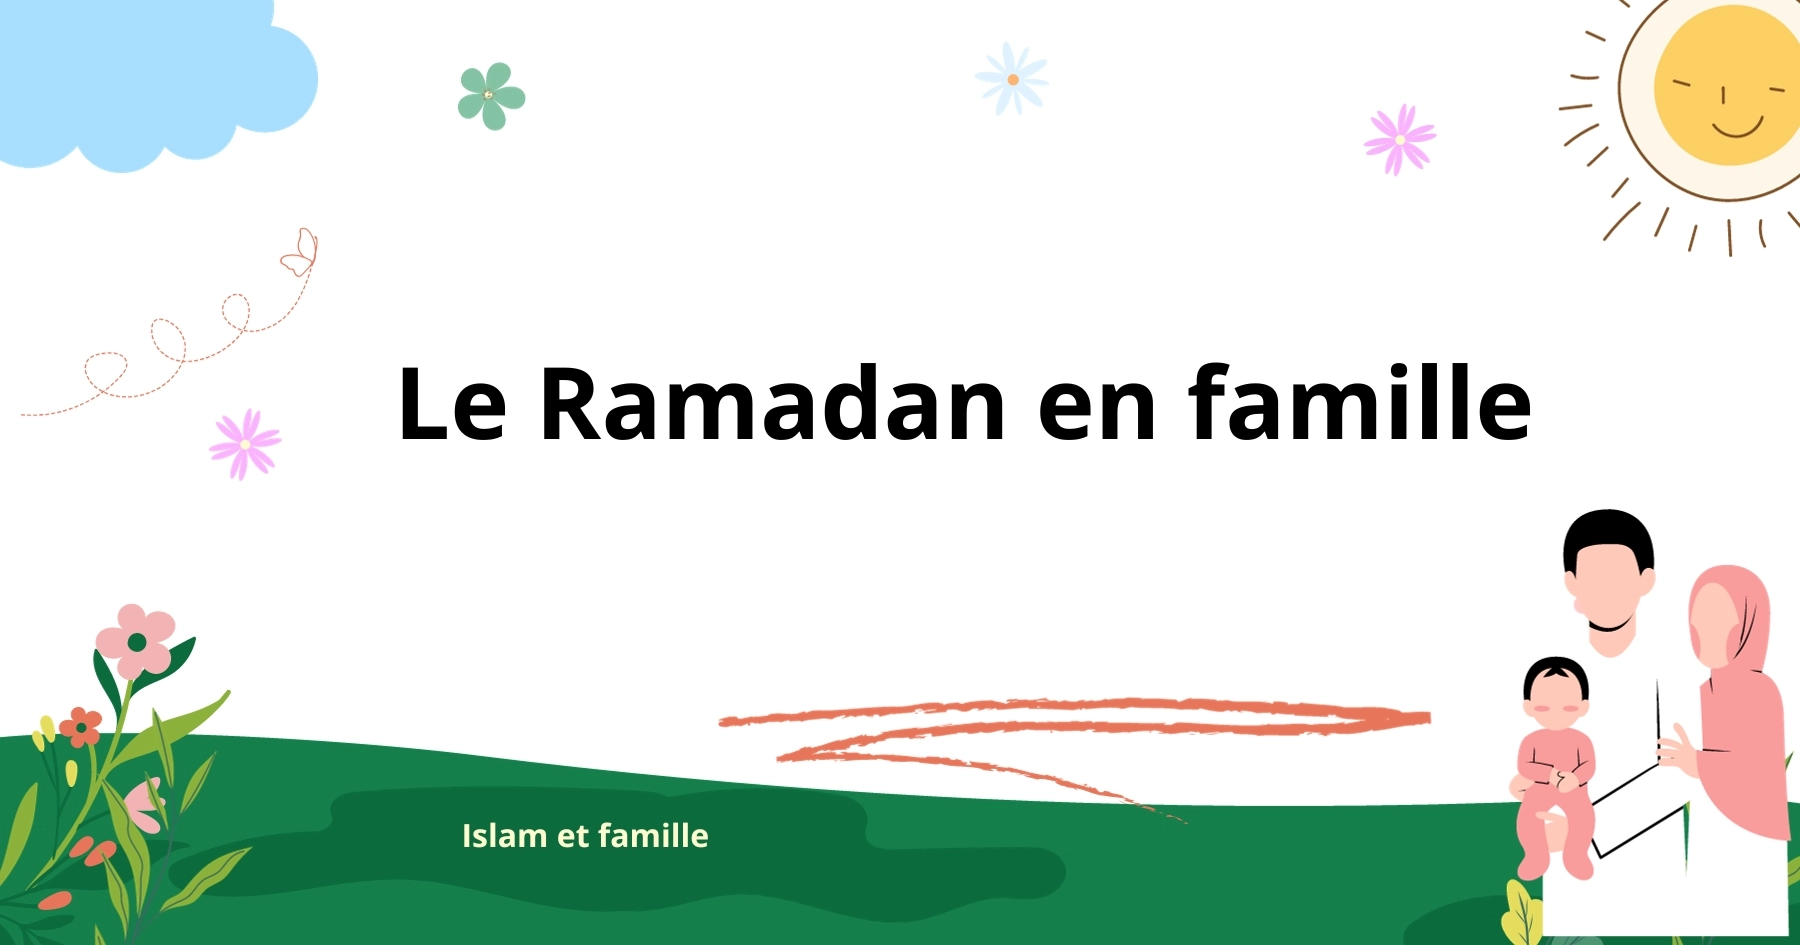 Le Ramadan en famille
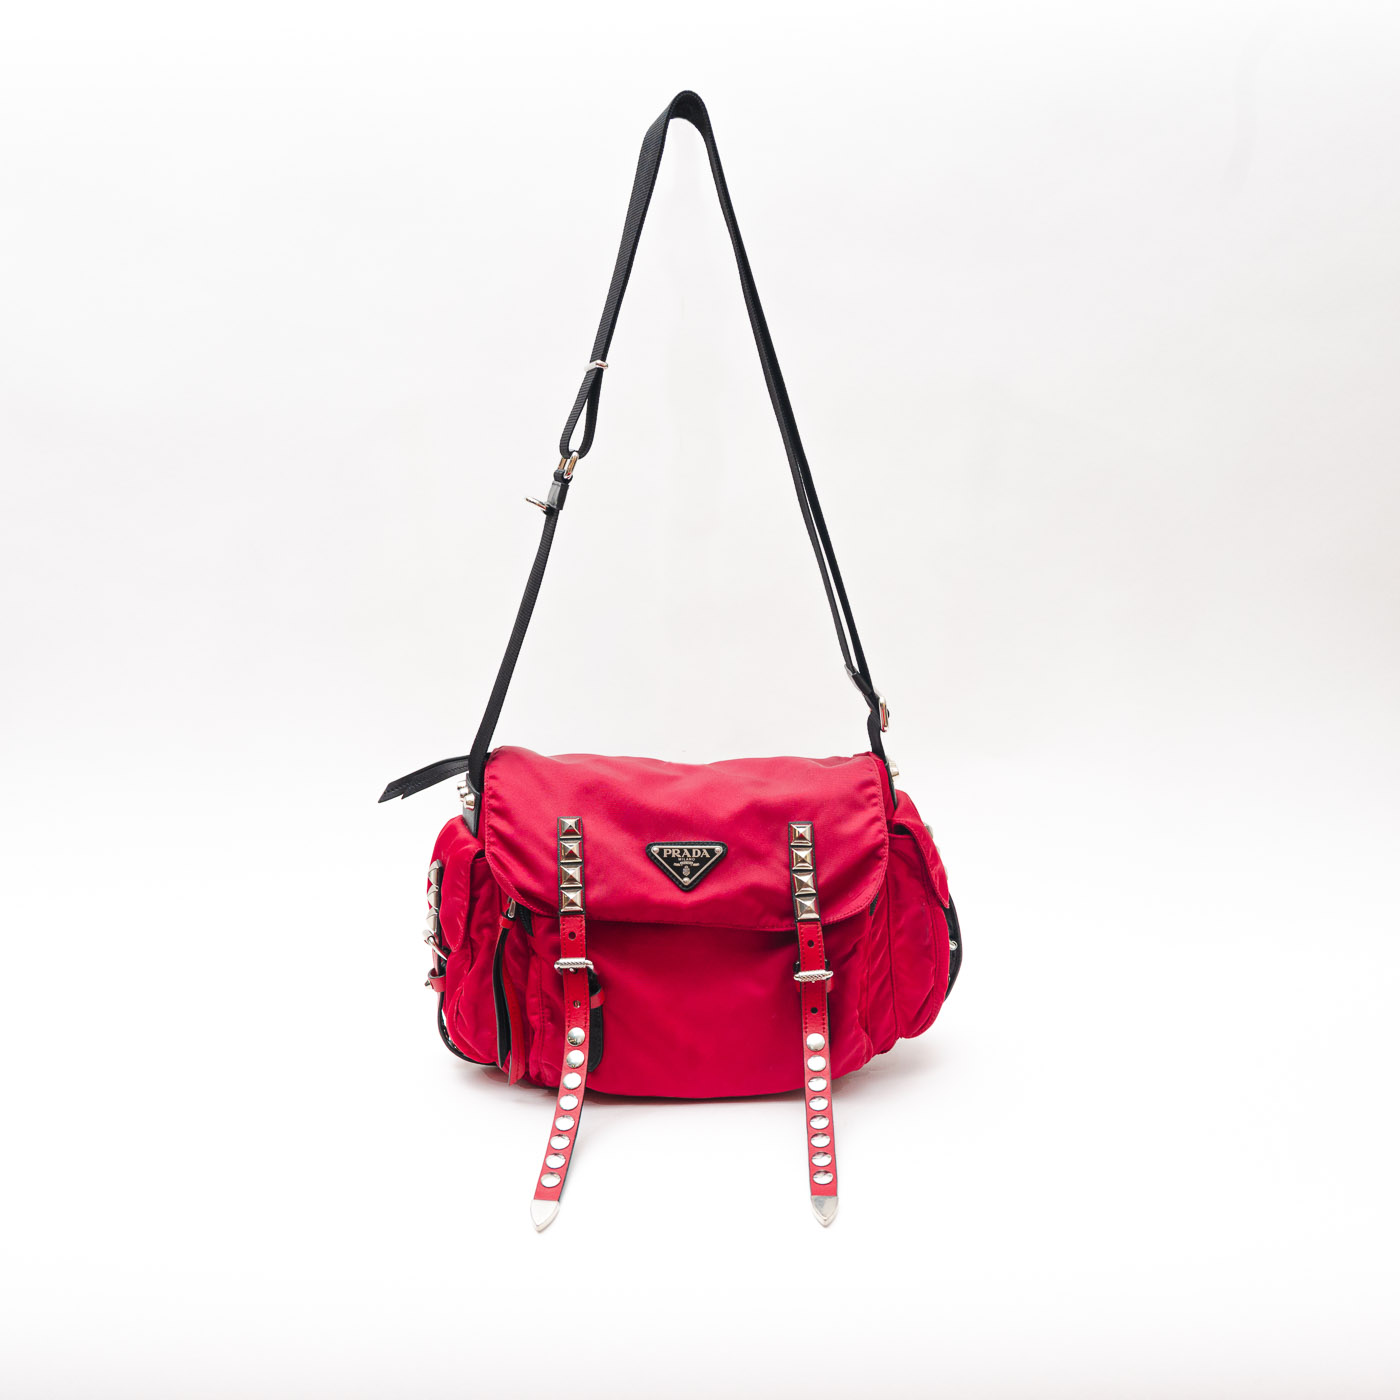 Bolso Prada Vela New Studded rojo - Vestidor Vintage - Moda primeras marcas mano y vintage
..............................
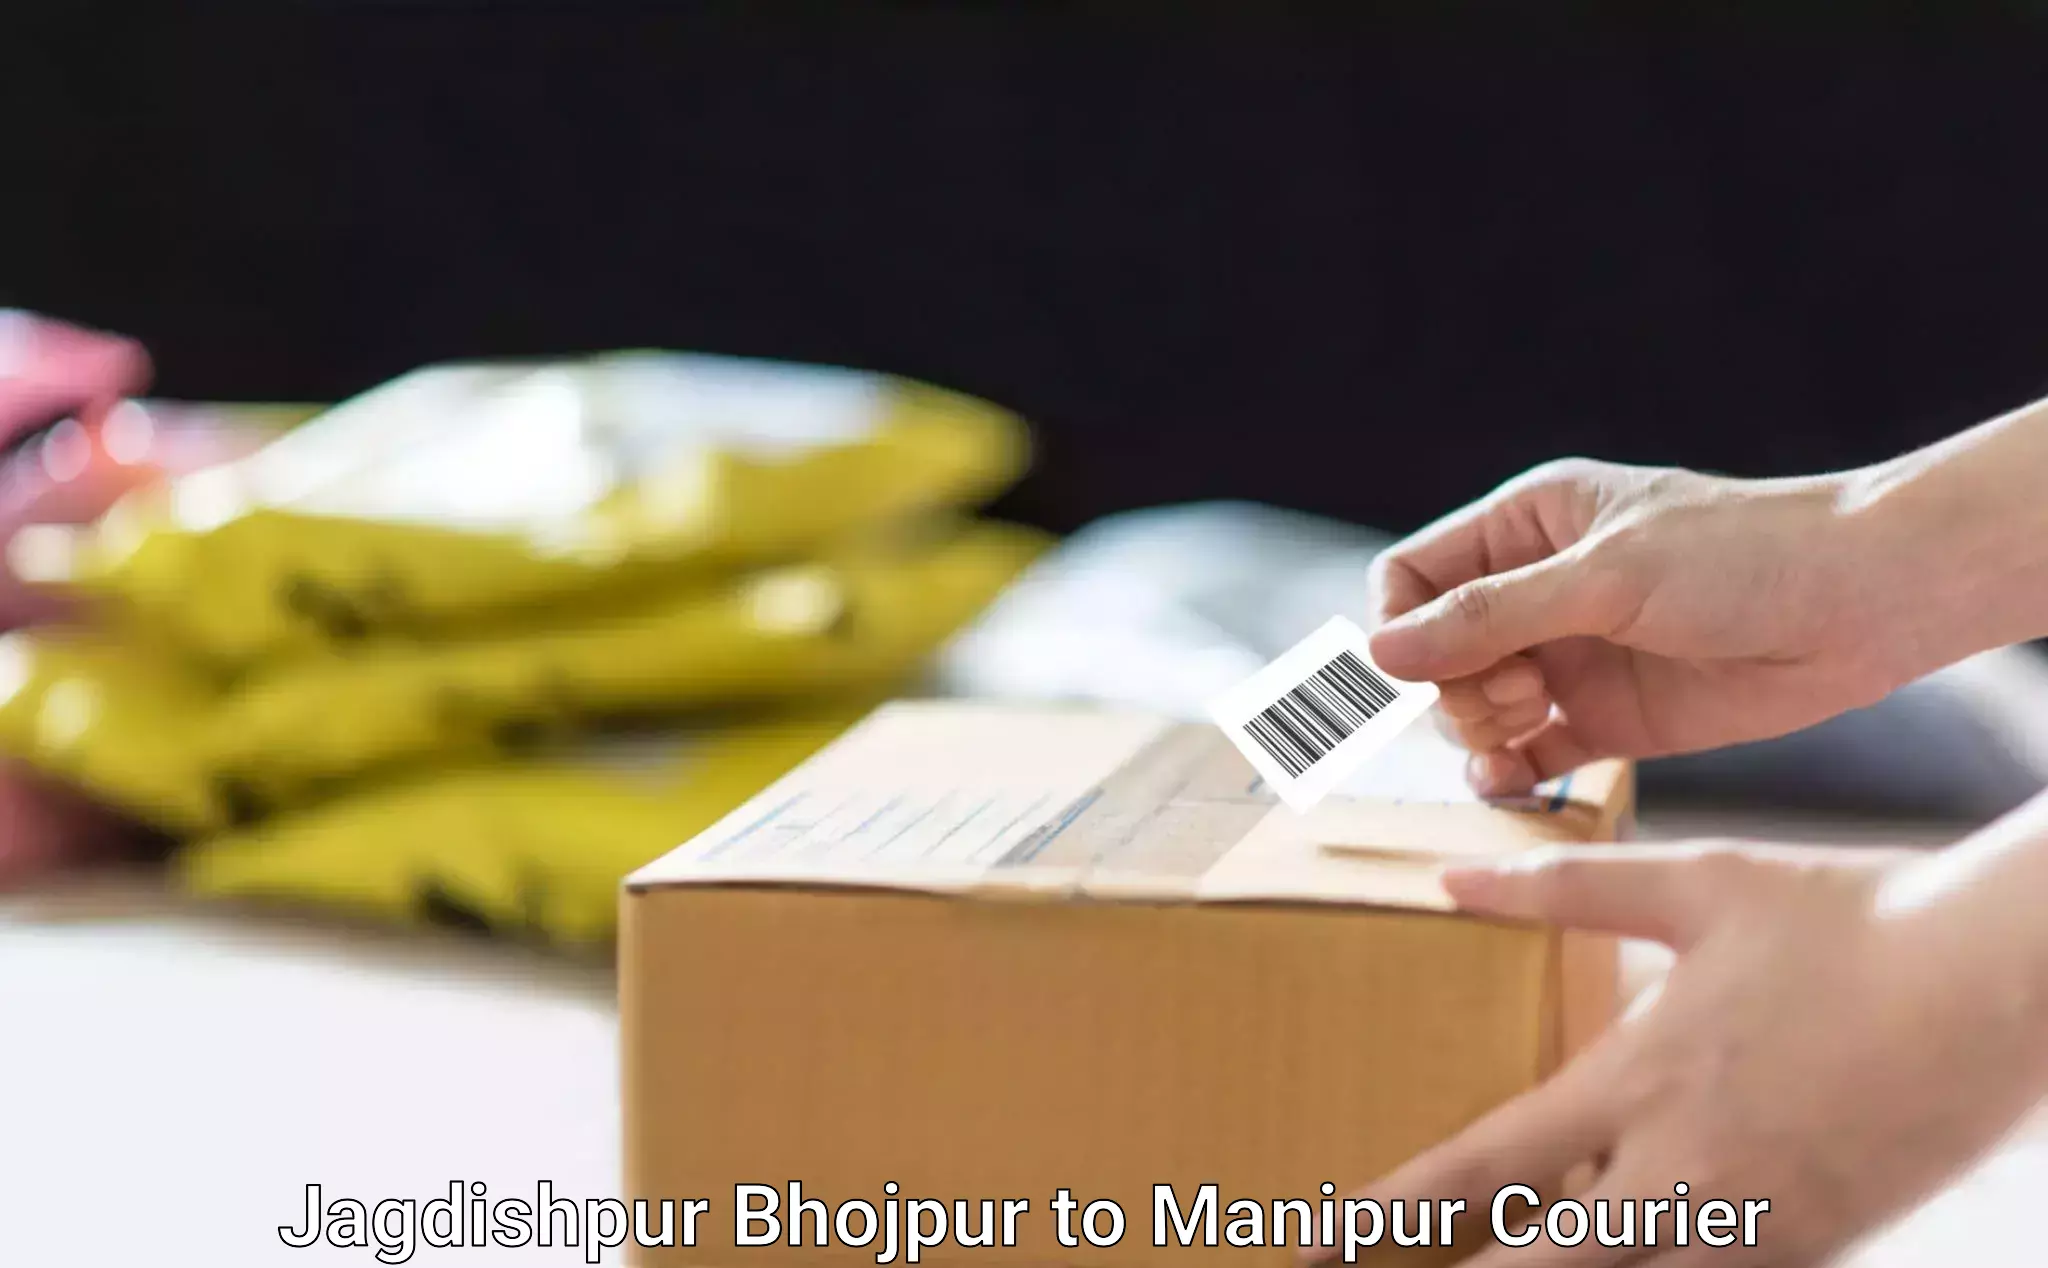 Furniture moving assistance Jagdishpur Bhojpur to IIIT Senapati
..............................
Only one stretch of the data is wanted: write out exactly the lines from the one holding "Le Ramadan en famille" through the one holding "Bolso Prada Vela", both included, without the pictures.

 Le Ramadan en famille
 Bolso Prada Vela New Studded rojo - Vestidor Vintage - Moda primeras marcas mano y vintage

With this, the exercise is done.